Le gouvernement durcit le ton face aux pratiques qui mettent en danger les usagers de la route. Dans un communiqué officiel signé le 10 février 2026, le Vice-Premier ministre, ministre des Transports, Voies de Communication et Désenclavement, Jean-Pierre Bemba Gombo, annonce l’interdiction formelle de l’usage de feux non conformes à la réglementation routière ainsi que des éclairages LED installés en violation des normes en vigueur.
À travers le Communiqué officiel, le ministère rappelle que seuls les feux prescrits par la Loi n°78/022 du 30 août 1978 portant Nouveau Code de la route sont autorisés. Il est donc strictement interdit d’installer ou d’utiliser d’autres dispositifs lumineux que ceux prévus par la loi.
Le texte met particulièrement l’accent sur l’usage des éclairages à technologie LED placés à l’avant des véhicules. Ces dispositifs, souvent plus puissants que les feux standards, peuvent éblouir les conducteurs venant en sens inverse et réduire leur visibilité, augmentant ainsi les risques d’accidents. Le ministère souligne que tout éclairage entravant la visibilité des autres usagers constitue une infraction.
Les propriétaires et utilisateurs de véhicules, qu’il s’agisse de particuliers ou d’entreprises, sont invités à prendre toutes les dispositions nécessaires pour se conformer à ces prescriptions au plus tard le 1er mars 2026. Passé ce délai, les services compétents de l’État seront chargés de veiller strictement à l’application de cette mesure sur l’ensemble du territoire national.
Cette décision a pour but de renforcer la sécurité routière en République démocratique du Congo. Ces dernières années, les routes congolaises ont été marquées par de nombreux accidents, parfois liés à des problèmes de visibilité ou à des équipements inadaptés.
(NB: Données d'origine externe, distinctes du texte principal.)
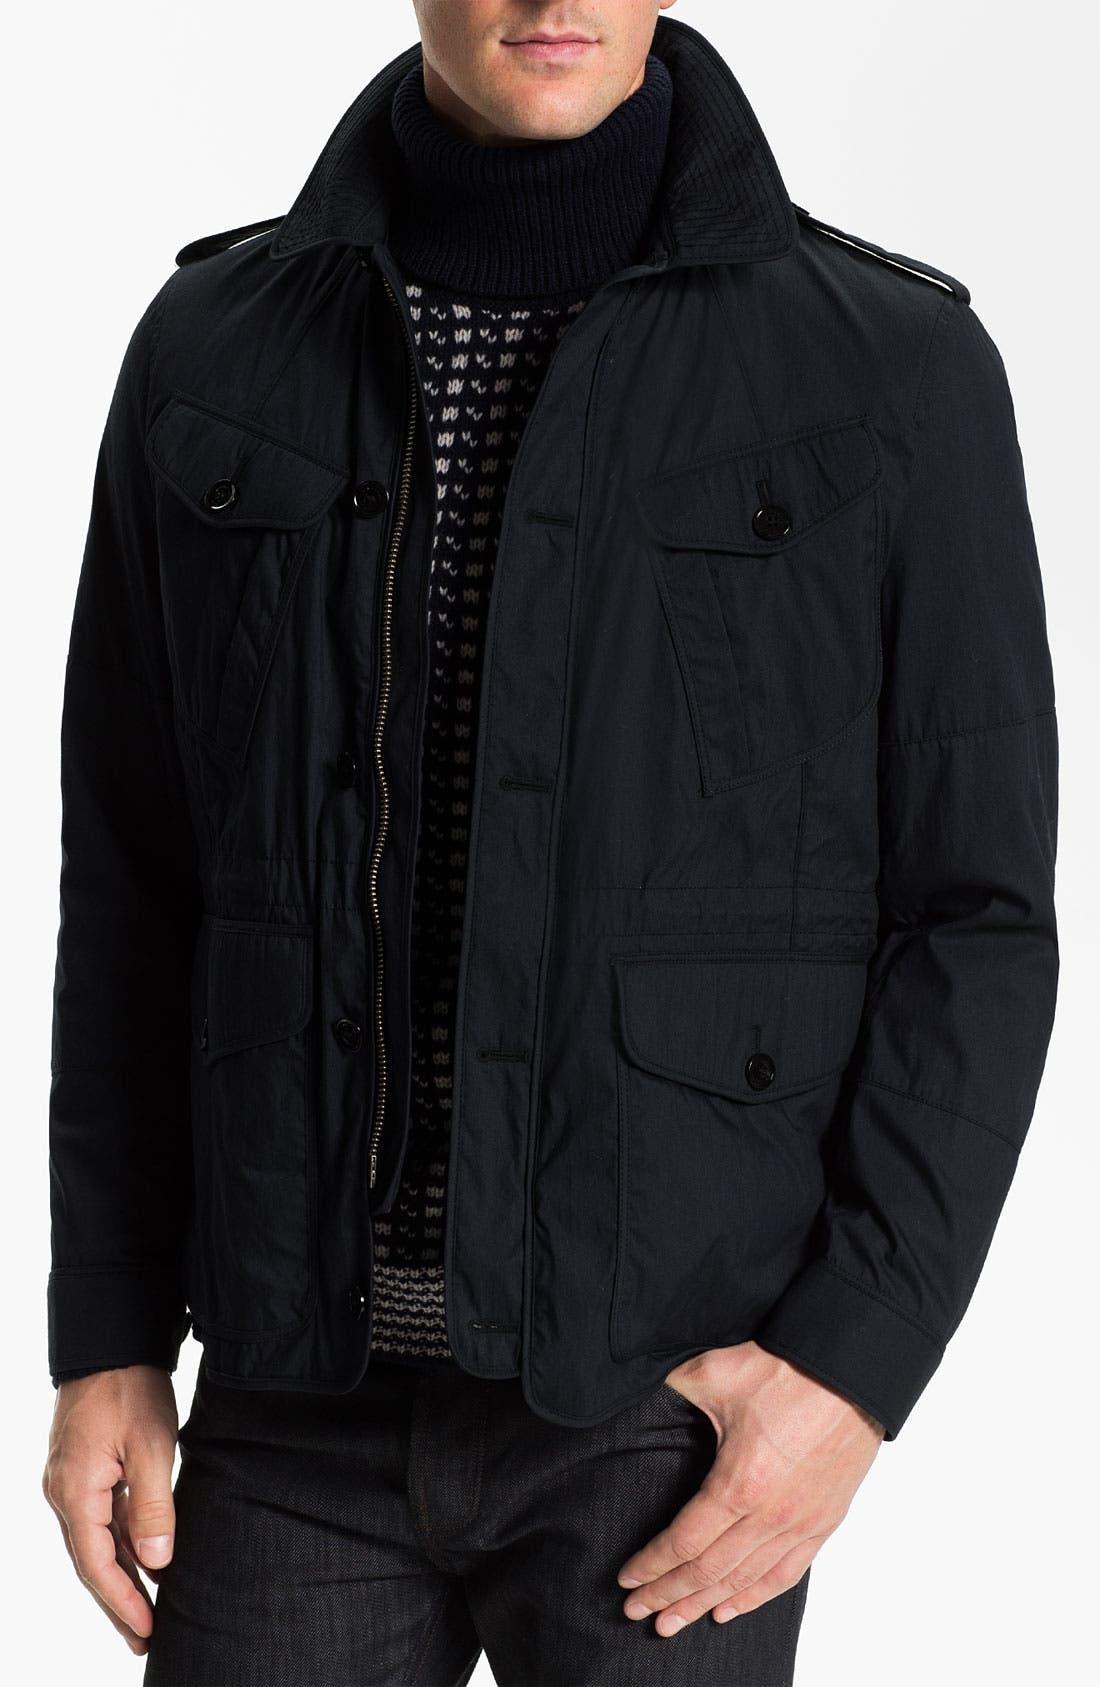 Main Image - Burberry Brit Field Jacket

En rappelant les règles existantes et en fixant le délai pour la mise en conformité, le ministère entend responsabiliser les conducteurs et prévenir les comportements dangereux, en affirmant que la modernité ne doit pas se faire au détriment de la sécurité.
À quelques semaines de l’échéance, les automobilistes sont donc appelés à vérifier leurs équipements et à se mettre en règle afin d’éviter sanctions et désagréments, mais surtout pour contribuer à rendre les routes plus sûres pour tous.